Actually, fixing it did NOT help. See more below...

> | The problem is, even though I verified (debug statements) that the call
> | is being made, the memory is STILL not being released. If I run the 
> same
> | large query 3 times in a row, my memory use triples. Even if I log off
> | the session (my application) and invalidate the session, the memory is
> | still locked up and cannot be freed by the JVM.
> Can you post some (sanitized) code? Maybe you're still missing something.
My sanitized code looks exactly like the code you posted below. I put 
all my actual database work inside a DBMS class so that I could change 
it out anytime without messing the application, and it's worked well. 
Each different type of database access has it's own method (lookup, 
lookupList, insert, delete, update, etc...). Each method opens ONE 
connection, ONE statement and gets ONE resultSet. When I'm done, I close 
the resultSet and (now) the statement. I also have full exception 
handlers plus the necessary finally clause.

I also know from running my application that no exceptions are occurring 
during the memory leak (no output to the debug file).

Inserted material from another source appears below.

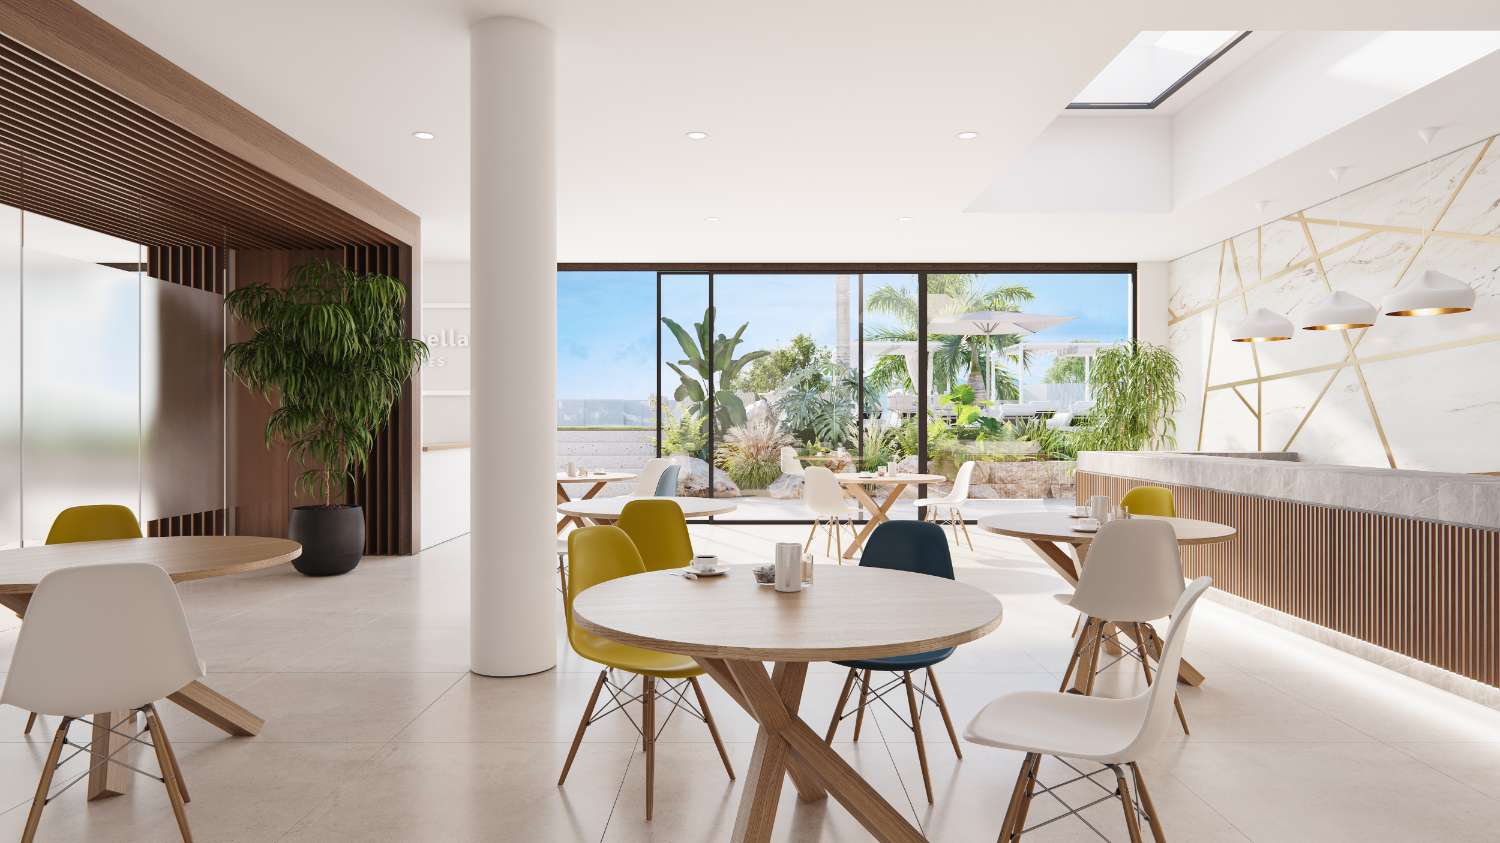 Lussuoso appartamento a Marbella, piano terra con giardino privato in urbanizzazione sulla prima linea del campo da golf

> Remember that you can't just close the statement when you're done with
> your method... if you use multiple Statements and ResultSets, you have
> to close them as you so. You also have to make sure that you have a
> finally block that closes them in case of an exception condition.
I never use multiple statements and resultSets. That's just asking for 
trouble, IMO. ;-)

> I've posted it before, but I'll to it again because it bears repeating:
> here is the proper way to write JDBC code:
>     Connection conn = null;
> ~        PreparedStatement ps = null;
> ~        ResultSet rs = null;
> ~        try
> ~        {
> ~            conn = getConnection(); // however you get your connections
> ~            ps = conn.prepareStatement(...);  // your query
>         // set params, etc.
> ~            rs = ps.executeQuery();
>         // do whatever you need to do with your ResultSet
> ~        }
> ~        finally
> ~        {
>         if(null != rs) { rs.close(); } catch (SQLException sqle)
>         { /* log this error! */ }
>         if(null != ps) { ps.close(); } catch (SQLException sqle)
>         { /* log this error! */ }
>         if(null != conn) { conn.close(); } catch (SQLException sqle)
>         { /* log this error! */ }
> ~        }
Yep - my code looks pretty much just like this.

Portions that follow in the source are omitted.